WHAT YOU HAVE TO DO.
Because the images are not wanted, restate every line below word for word without them.

INFORMATION PROVIDED.

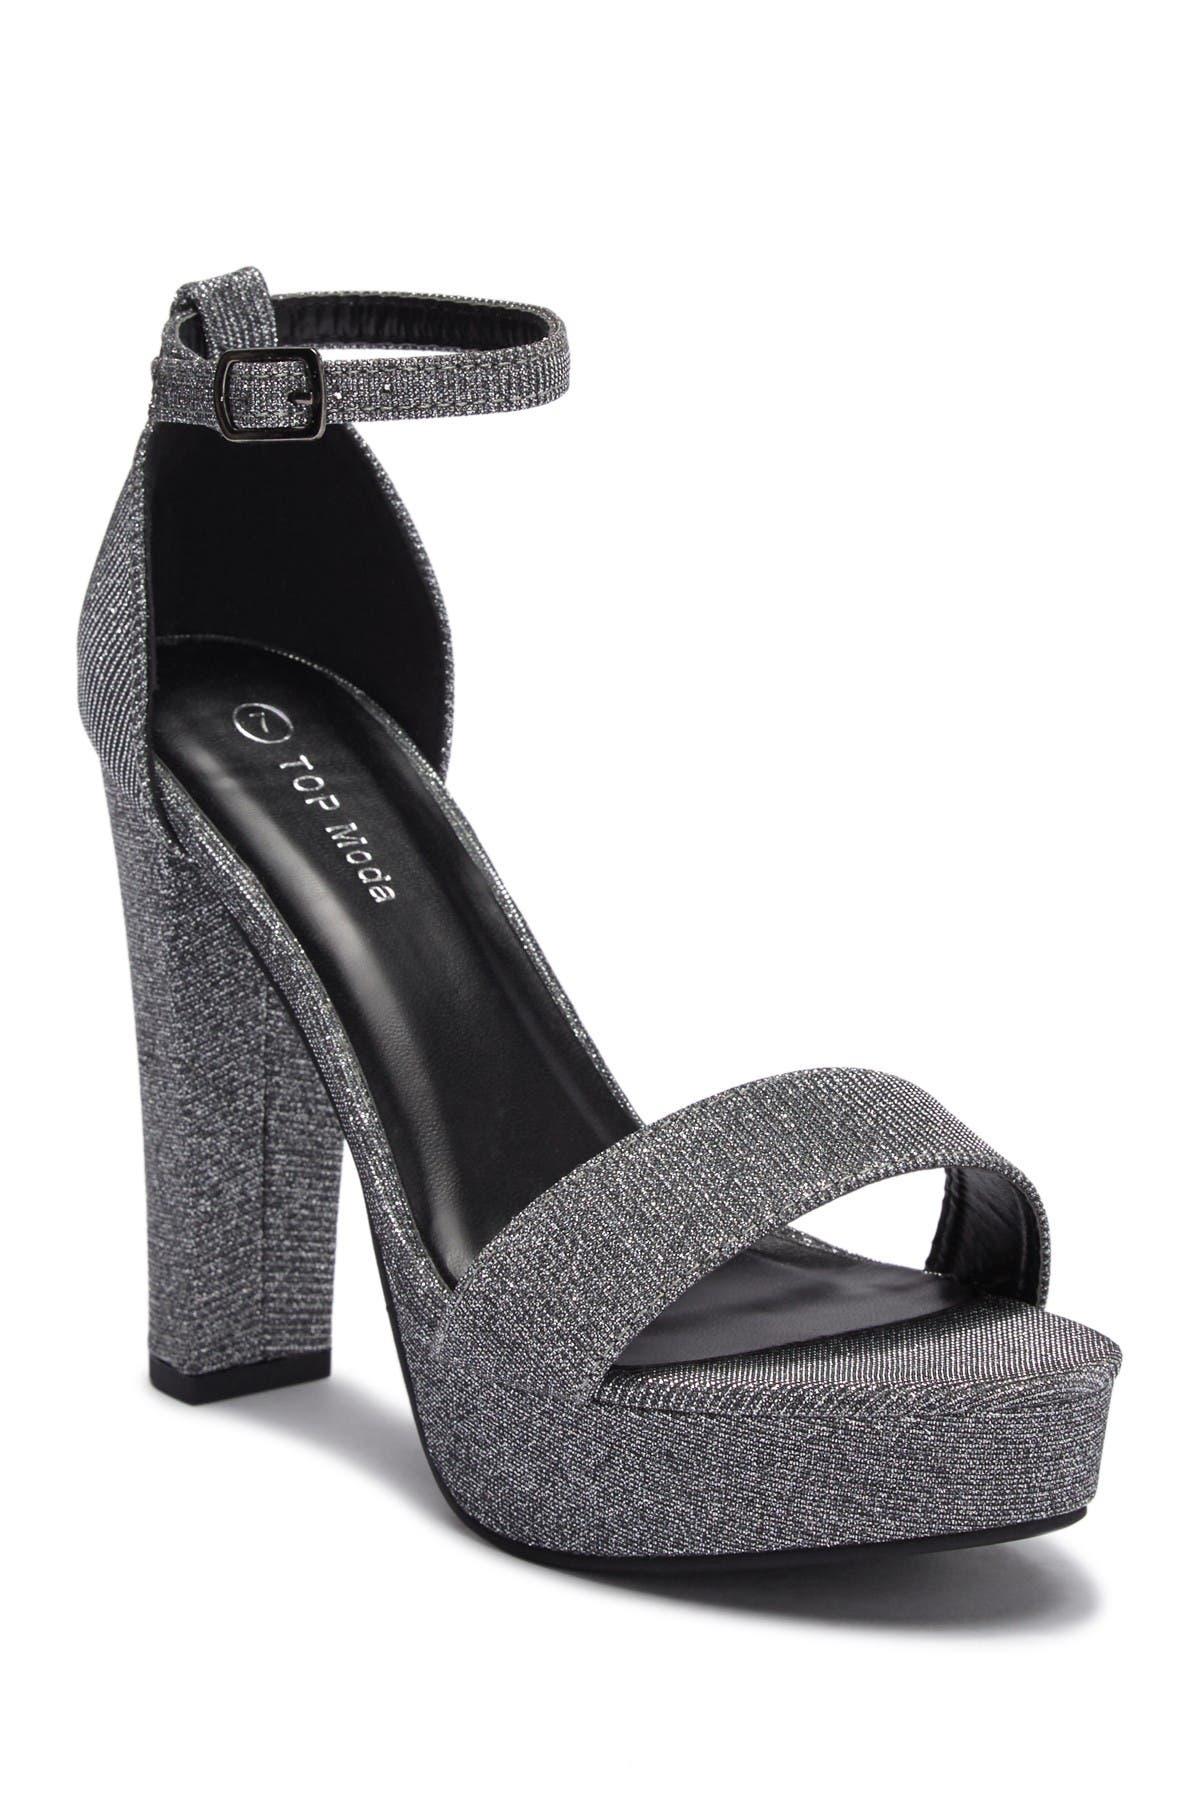 Image of Top Moda Thomas Platform Ankle Strap Sandal
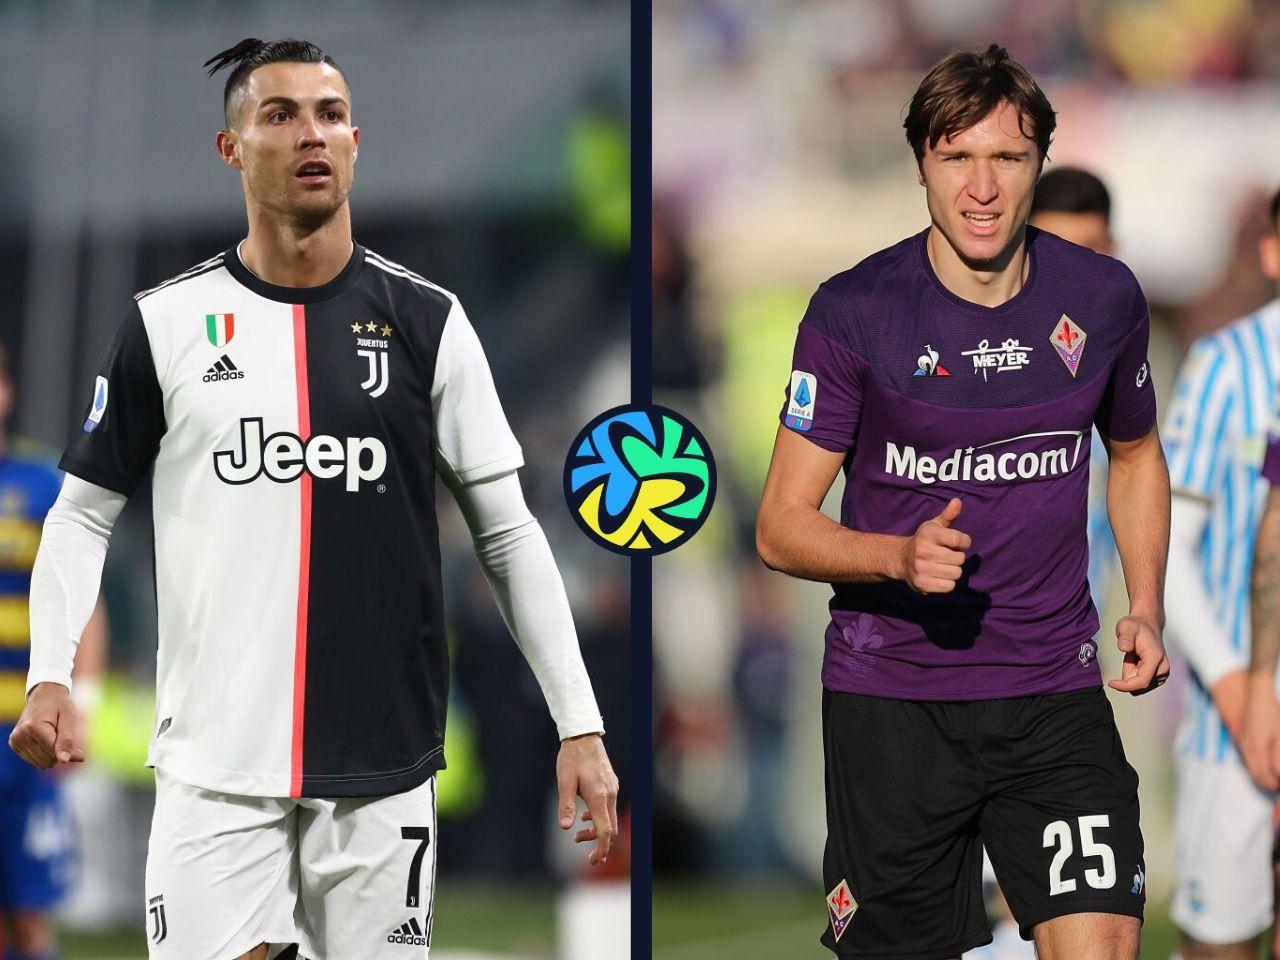 Predicted Xi Juventus Vs Fiorentina Ronaldo Com
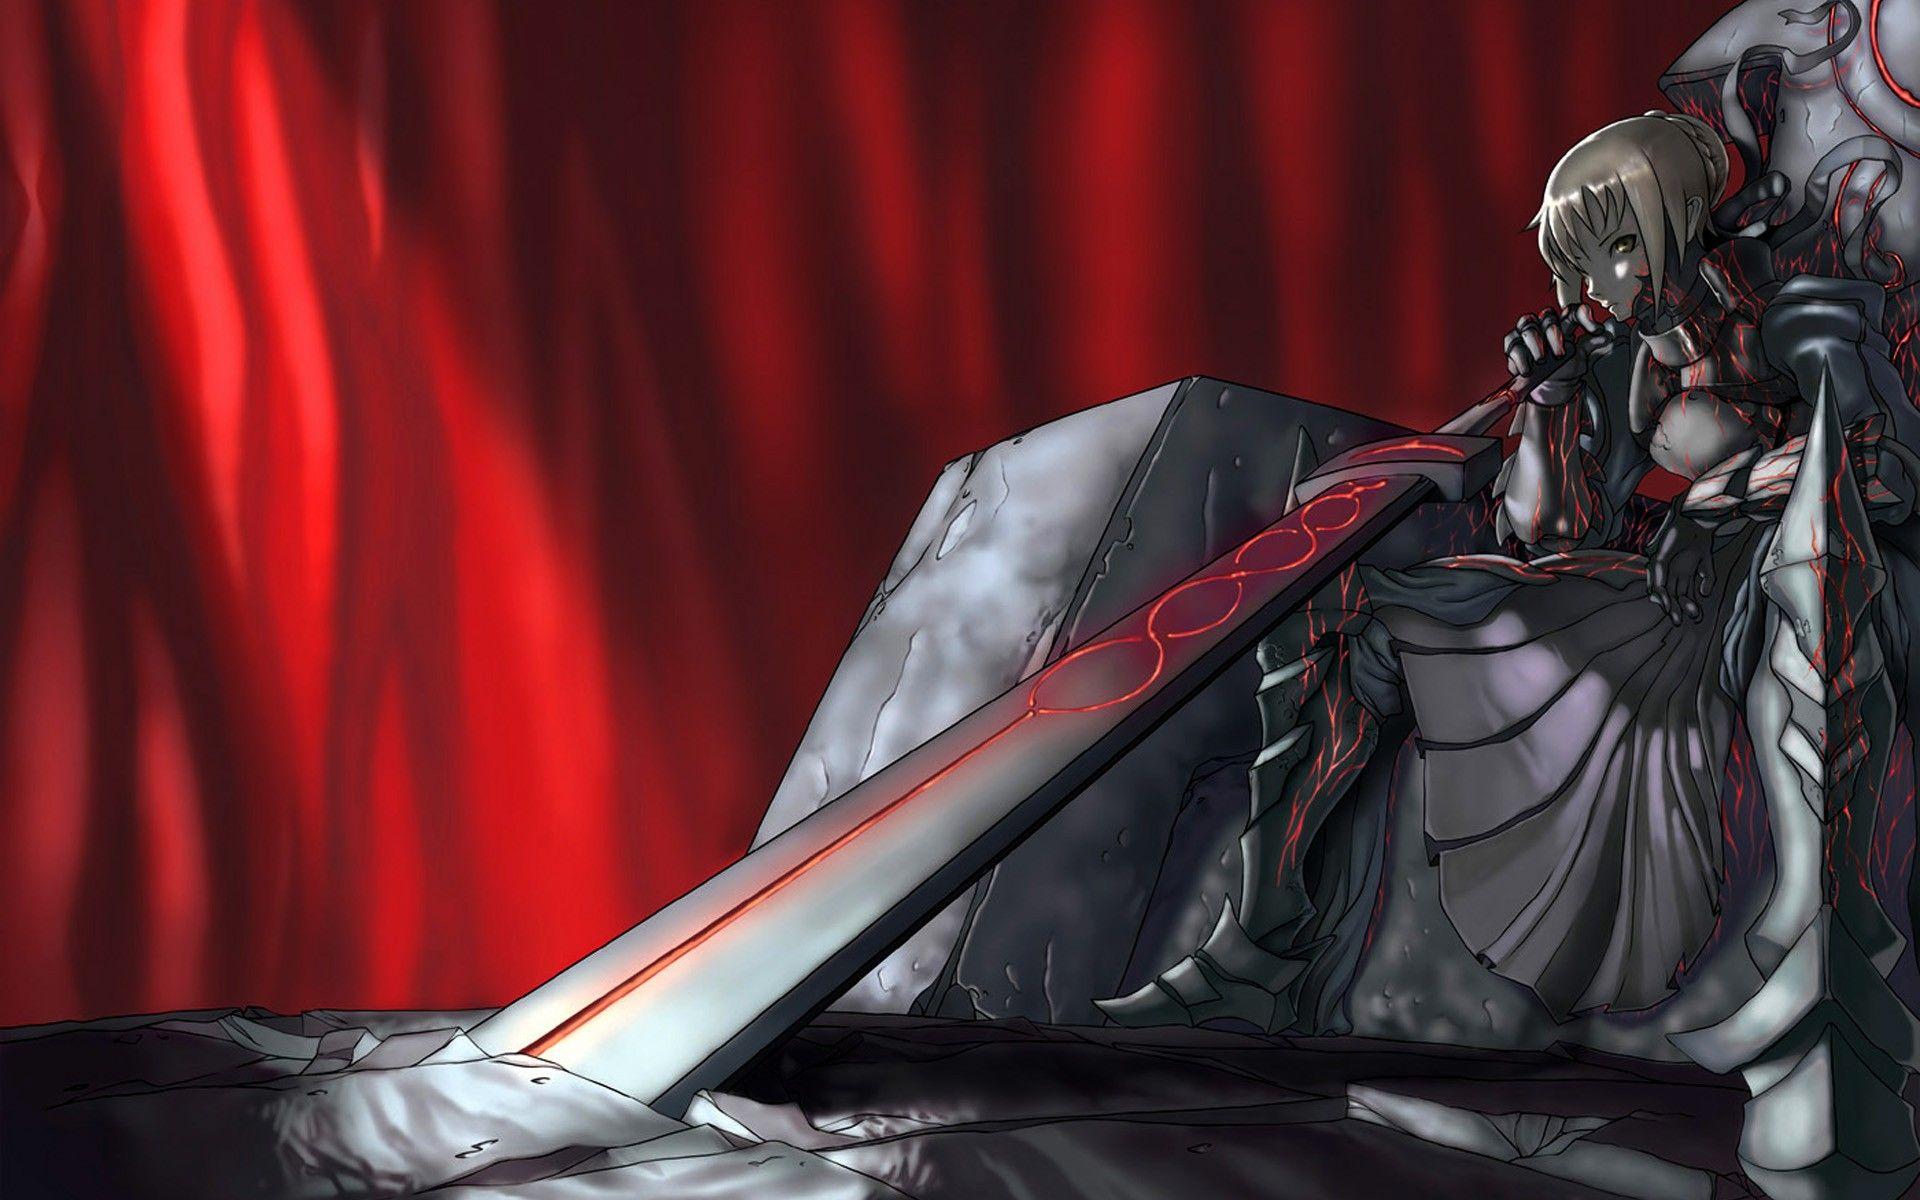 Anime 1920x1200 Fate Series Saber dark Saber Alter armor

EXPECTED ANSWER.
 Image of Top Moda Thomas Platform Ankle Strap Sandal
 Predicted Xi Juventus Vs Fiorentina Ronaldo Com
 Anime 1920x1200 Fate Series Saber dark Saber Alter armor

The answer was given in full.